Barbour Continues To Move From The Hawk's Nest, Urges Cautious Approach To Libya

Mississippi Governor and potential presidential aspirant Haley Barbour (R) made news Tuesday when he publicly expressed skepticism over the United States' continuing military intervention in Afghanistan. In a speech at a Scott County GOP event in Iowa, Barbour wondered aloud, "What is our mission? How many al Qaeda are in Afghanistan? ... Is that a 100,000-man Army mission?"

Let's add to that the fact that Barbour is urging a cautious approach to the conflict in Libya, as well. Here's Andy Kroll at Mother Jones:

In a Tuesday speech in which he ripped Obama's economic policies, Barbour also advocated for a more realistic, less reactionary response to the bloody crisis in Libya, where the military forces of Libyan dictator Muammar Qaddafi are violently quelling a popular uprising: "I think we need to be cautious about being quick on the trigger." Barbour went on:

"The idea of nation-building, in my opinion, is something we need to be very, very, very careful about. I don't think it's our mission to make Libya look like Luxembourg...At the end of the day, we might have some role in Libya but it should not be to send American troops in there and knock heads and make Libya what we would like Libya to look like. Because it, no offense, is not ever going to look like what we'd like it."

Ben Smith noted yesterday that Barbour's comments on Afghanistan were "a major moment in the nascent Republican presidential primary." I can't endorse that observation enough: the past few months have mainly been paced by would-be candidates tacking around the edges of the primary -- staffing up, offering platitudes, dithering with their ultimate decisions -- and Barbour has just stepped to the fore and started the season's first substantive conversation. There was a moment earlier this week where Barbour looked like he might have only marked this week's news cycle with some terrible jokes that a campaign staffer made about the Japan tsunami. Not anymore.
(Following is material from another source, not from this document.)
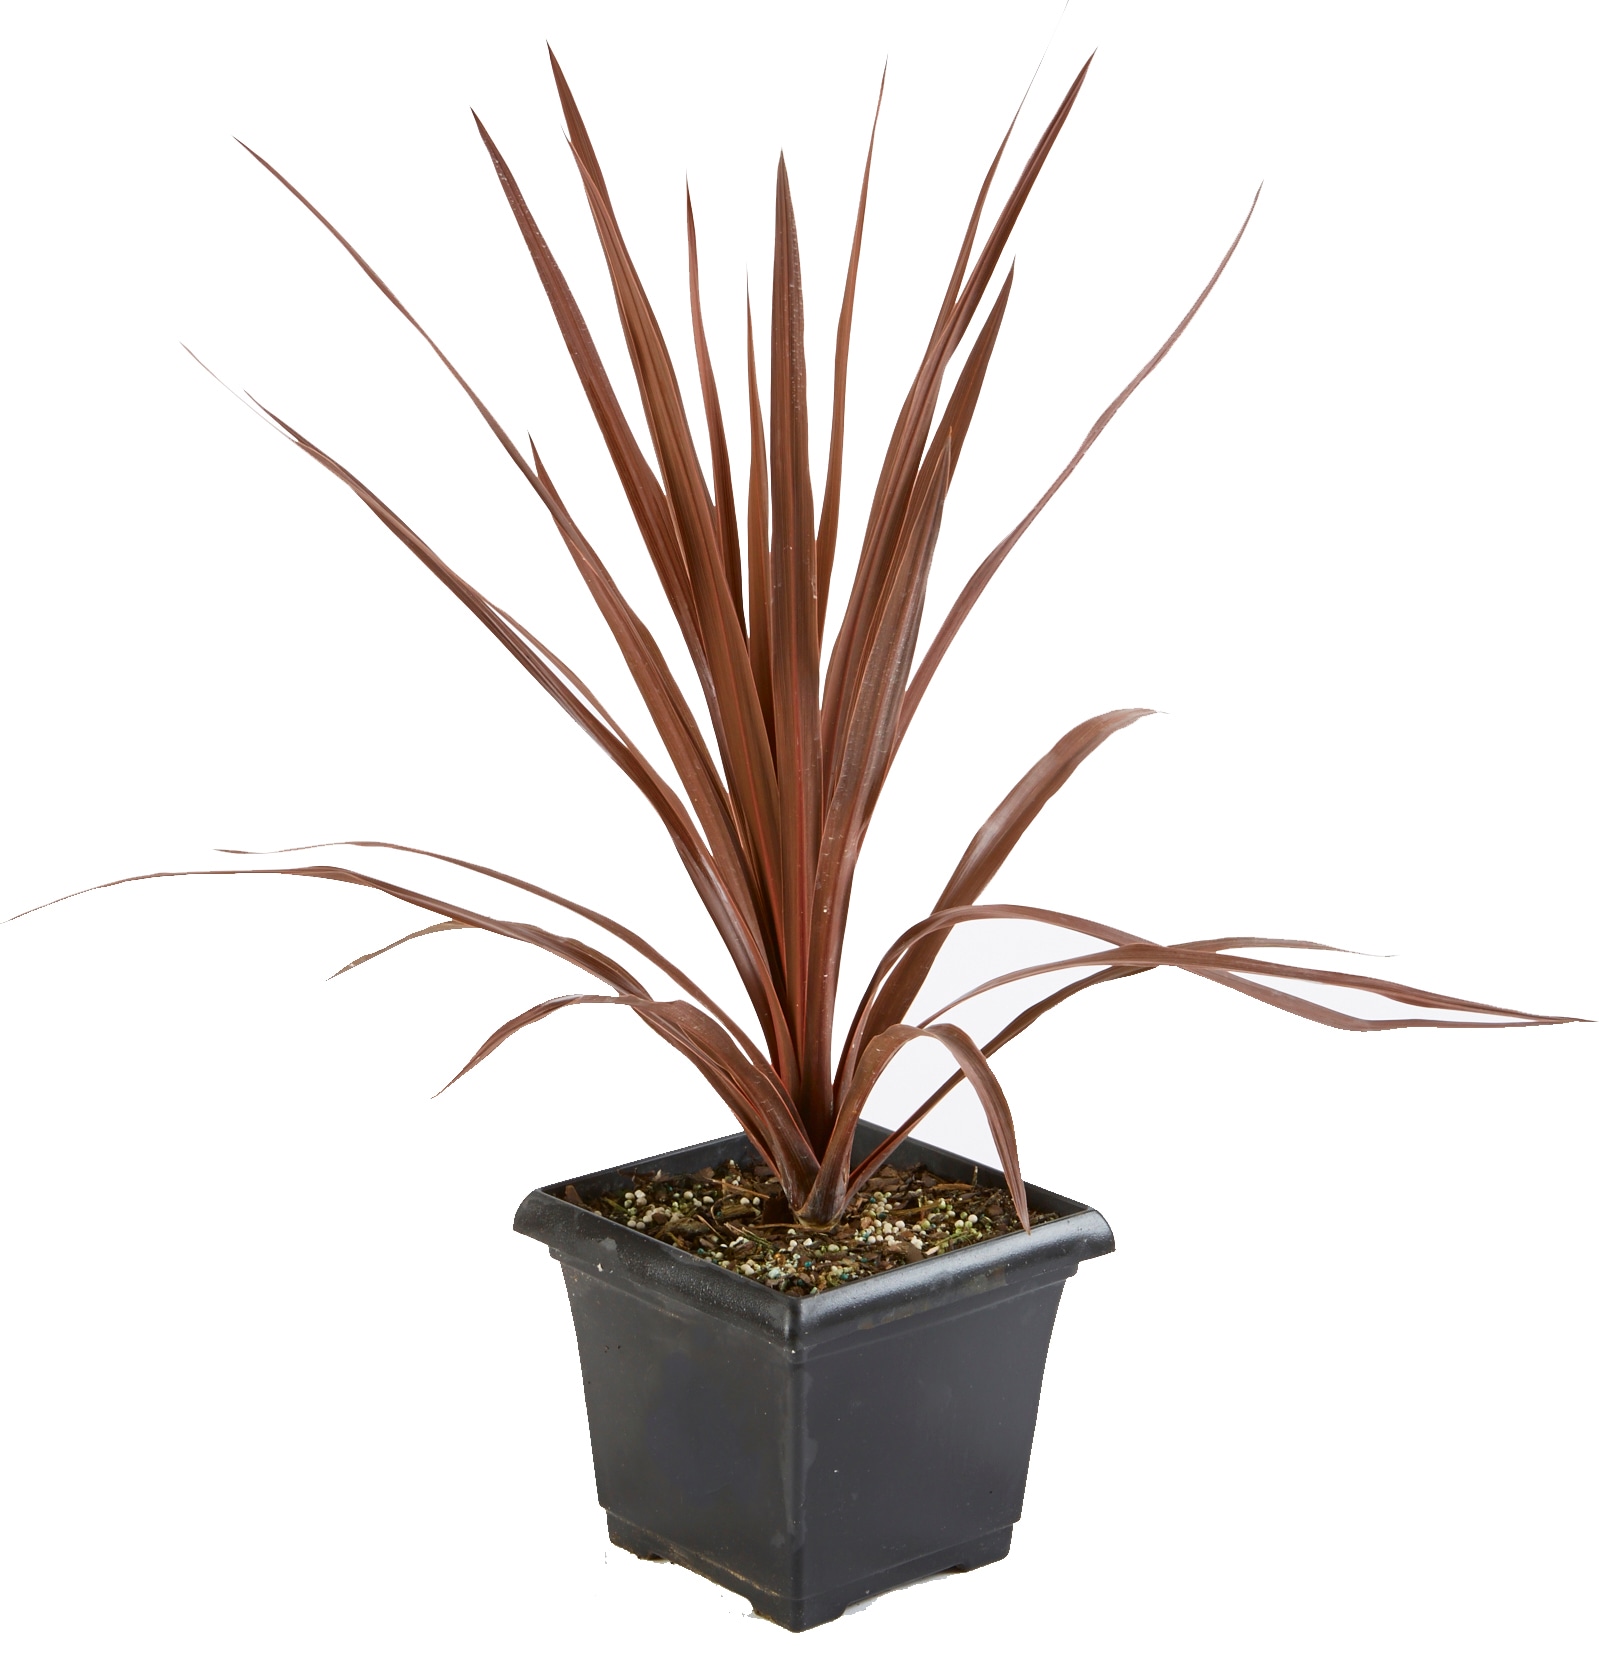 Cordyline in 1-Gallon Planter in Perennials department at Lowes.com
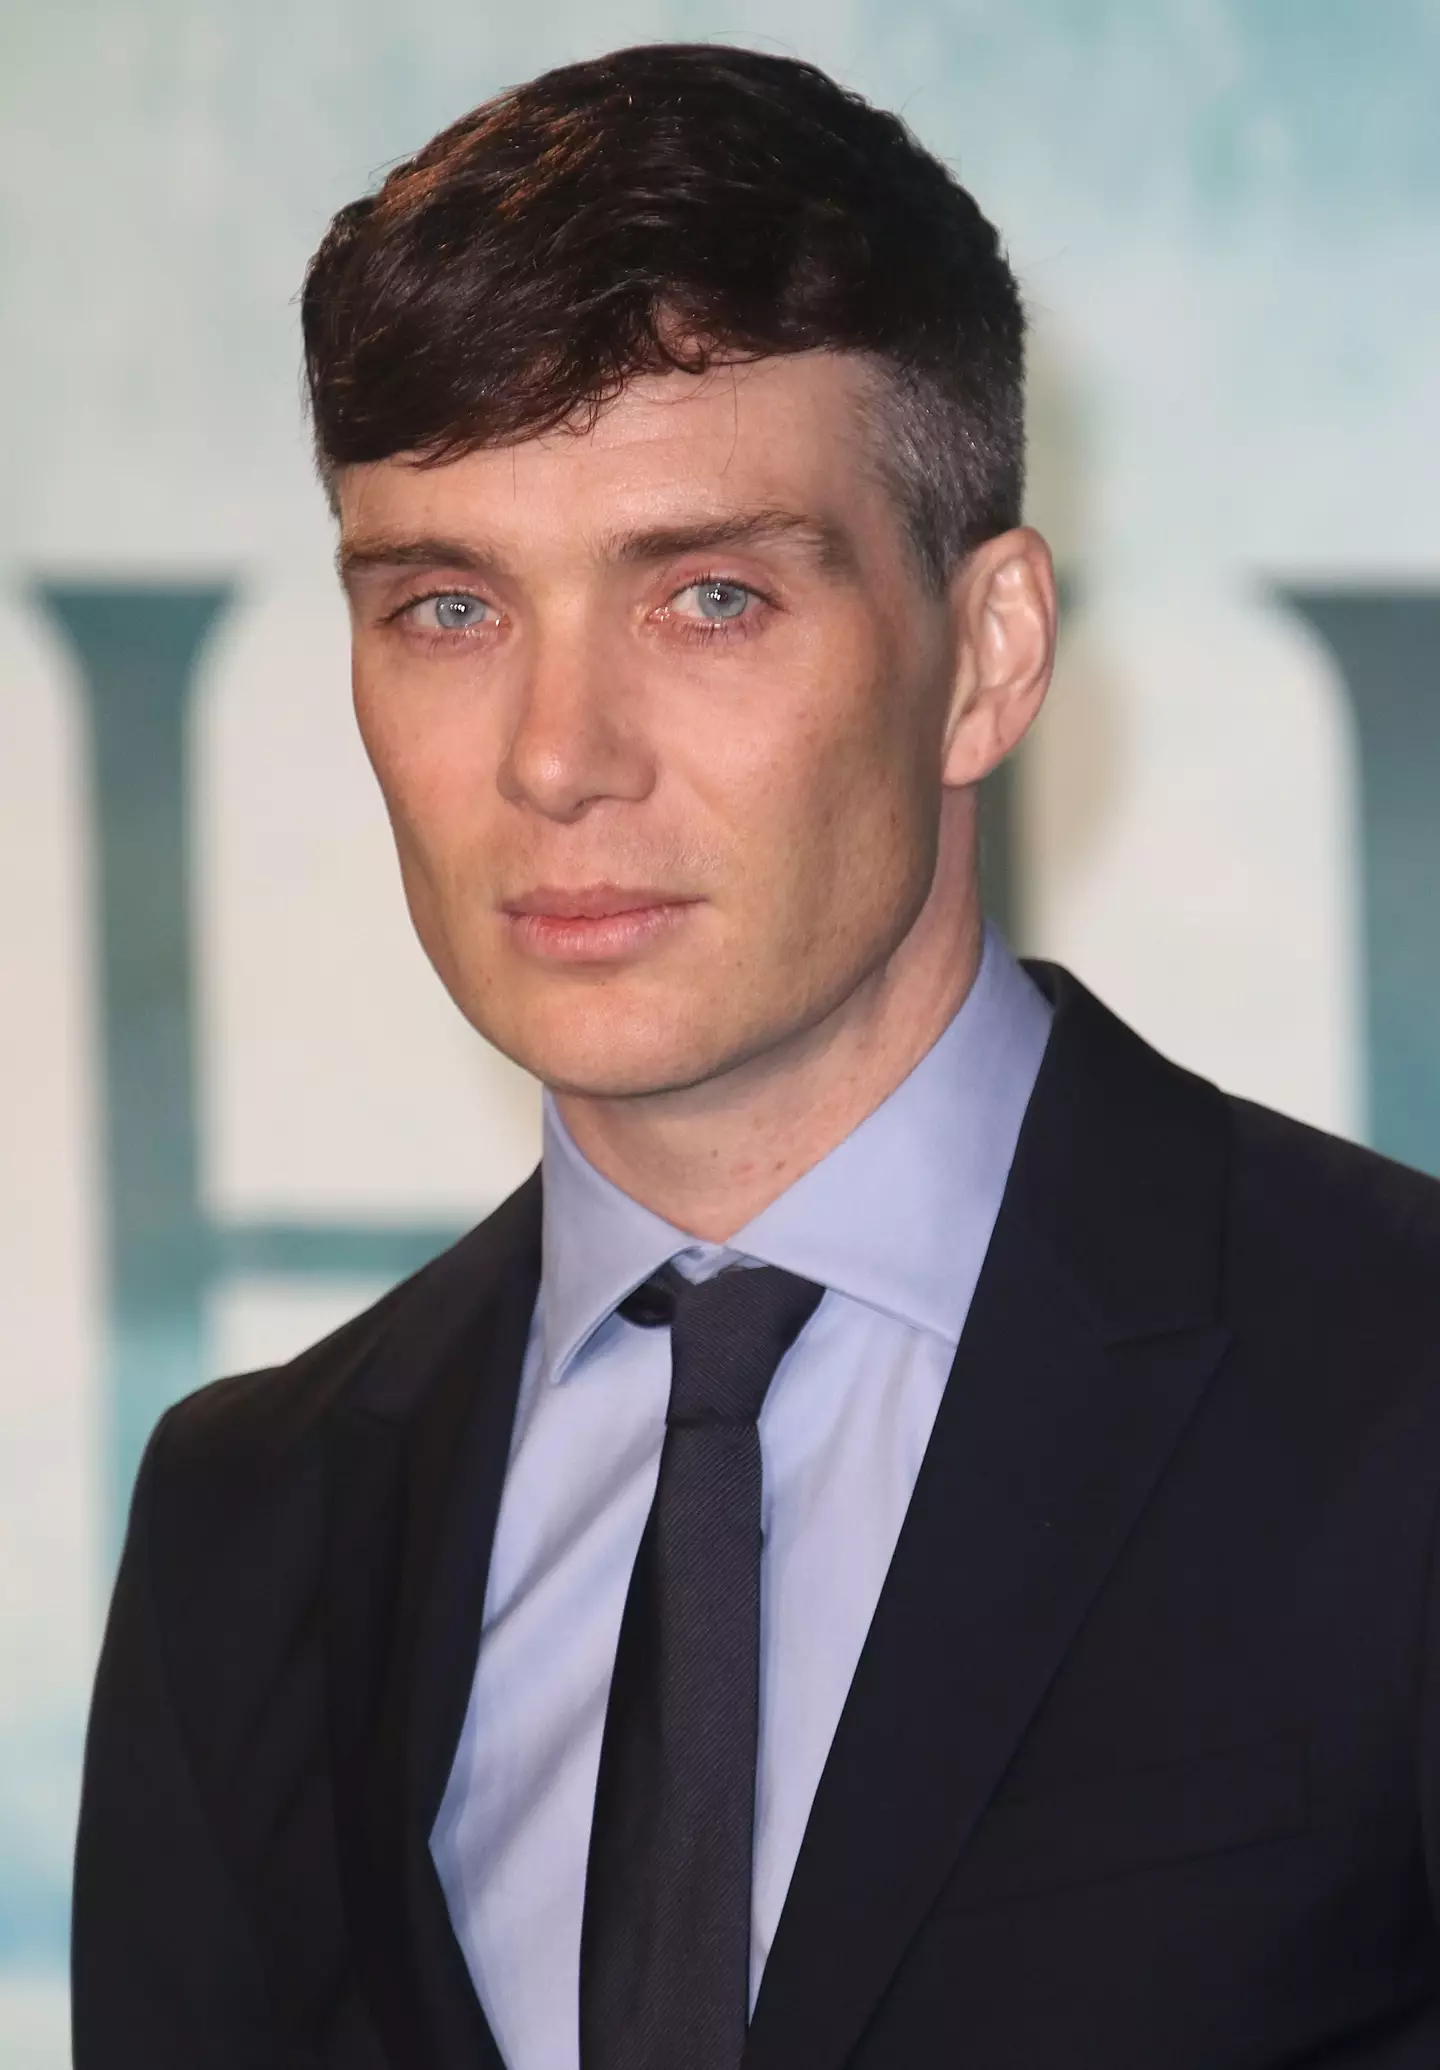 He said fans often expect him to be like Tommy Shelby.

Time's Joe Klein remarked Tuesday: "When Barbour decides that Afghanistan is a loser, you can bet that more than a few Republicans are heading that way--and that means interesting times for the trigger-happy neoconservatives who have dominated Republican foreign policy thinking in recent years." Barbour's lack of appetite for a hot approach to Libya definitively pushes him further from the madding neocon crowd, who've largely been a-bellow with their typical "Do something!" demands over Libya.

We'll wait and see if Barbour arrives at the realization that the war in Afghanistan is not, as many seem to believe, "deficit-neutral."